К Юрасову проникнуть, ноги обломаешь: и недоступно и невидимка. Чем он занимался, я не знаю. Я только узнал, что в стороне от всякого «народного образования» и с библиотекой и Народным театром не связан. Ершов через Косьминского и Колпашникова, своих покровителей, мне никак не мог помочь. А помог мне Алексеев.
Юрасов был женат на якутке, Алексеев из Иркутска, вот какие сибирские пути. Так, я, ссылаясь на Алексеева, проник к Юрасову.
Во второй раз я входил в дом — вспоминаю, как с Ершовым к Колпашникову — только в Пензе я видел такие дома: одно дерево и стены под орех, — коробка. Я попал к чаю. На столе кипел медный, начищенный бузиной, самовар, а кругом ломтиками нарезанный хлеб и масло, как в лавках, круг. И все облоко́чено черным: жена Юрасова якутка и дети якутяты. От чаю я не отказался: давно не пил по-человечески — Лукреция в стойле подавала какие-то без ручек черепки для птичьего пойла. Я занялся детьми: они чудно́ говорили по-русски, а девочки в своем непохожем были необыкновенно очаровательны, чего словом не выразить, как интонацию, паузу, взблескивание глаз при произношении слова и игру улыбки попробуйте-ка передать.
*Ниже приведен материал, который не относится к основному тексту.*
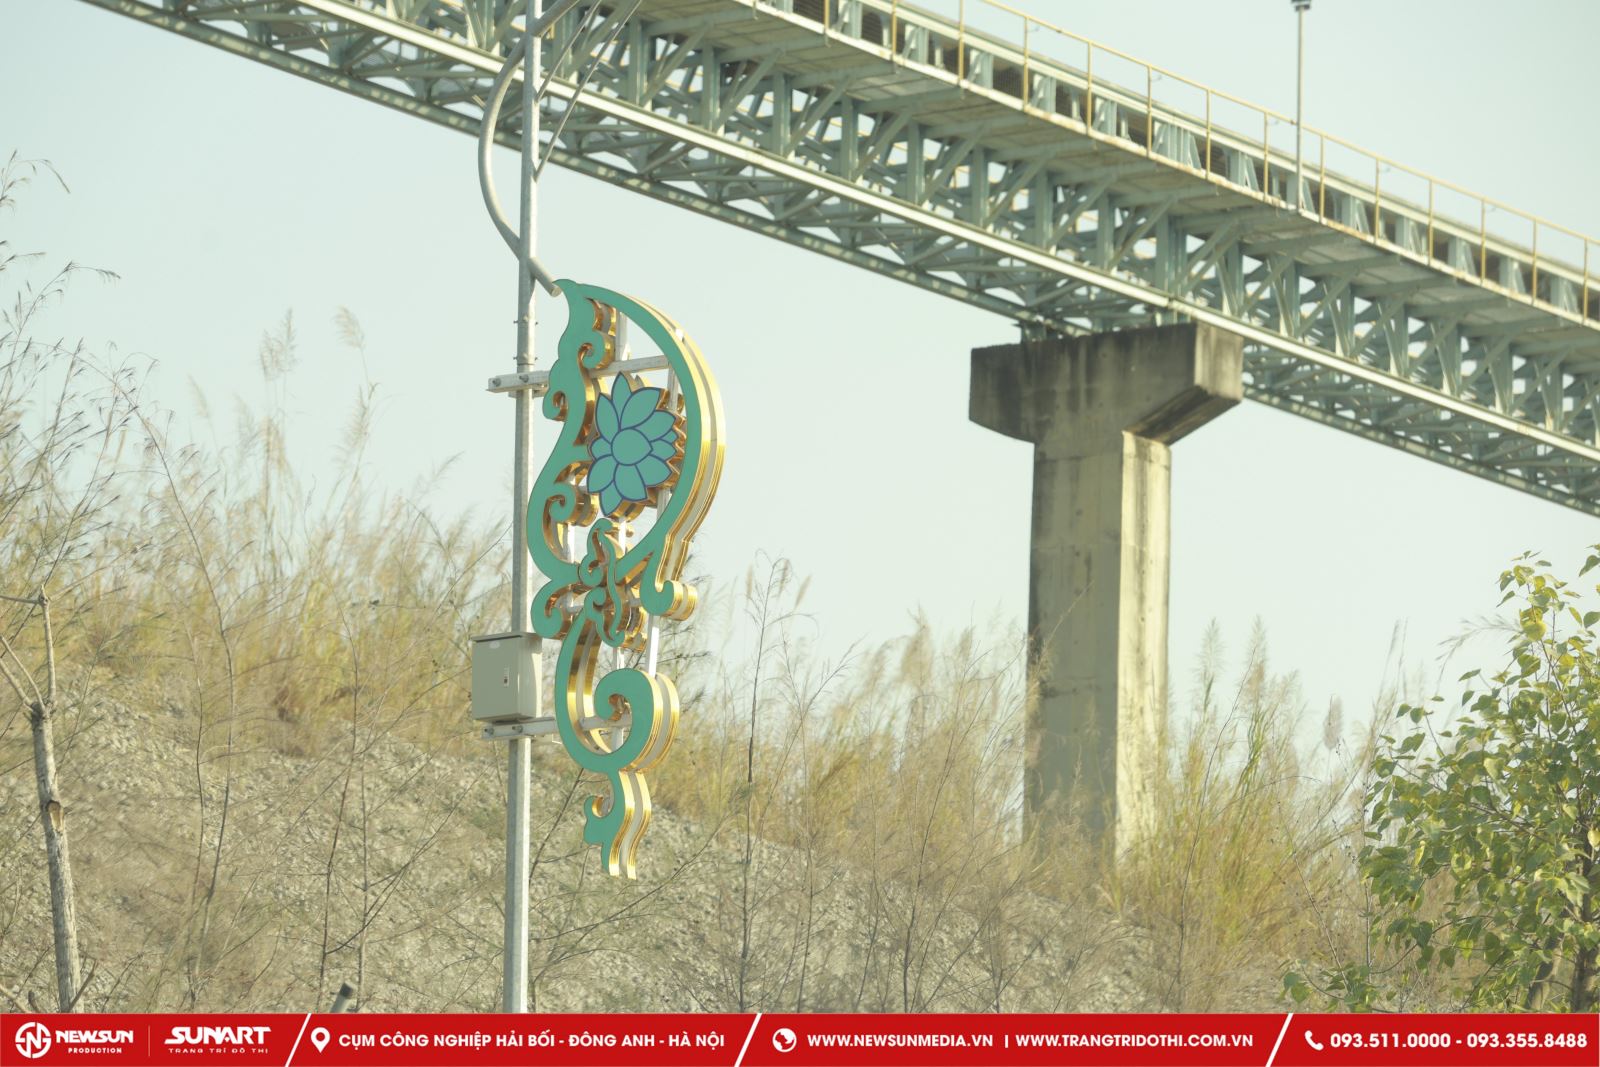 hình ảnh hoa văn trang trí cột điện đẹp, ấn tượng tại huyện Thủy Nguyên, Hải Phòng8

Он показался мне очень большим — очень высокий и тоже под цвет комнат: черный и под орех.
В революцию (1905 г.) в Петербурге я встречу В. Н. Фигнер и Н. А. Морозова — двадцать четыре года в Шлиссельбургской крепости, и по «неестественной» веселости Морозова и каменным глазам Фигнер я прочту нечеловеческий срок неволи, отмеренный человеку. А в глазах у Юрасова — я бы прошел мимо, не спохватясь: или это «сельское хозяйство» — якутские ветры развеяли память — печать наверной смерти и каторги. Или мои «подстриженные» глаза ненадежны: пропустил, не заметил.
Все, о чем я хотел спросить, не забылось, только закупорилось.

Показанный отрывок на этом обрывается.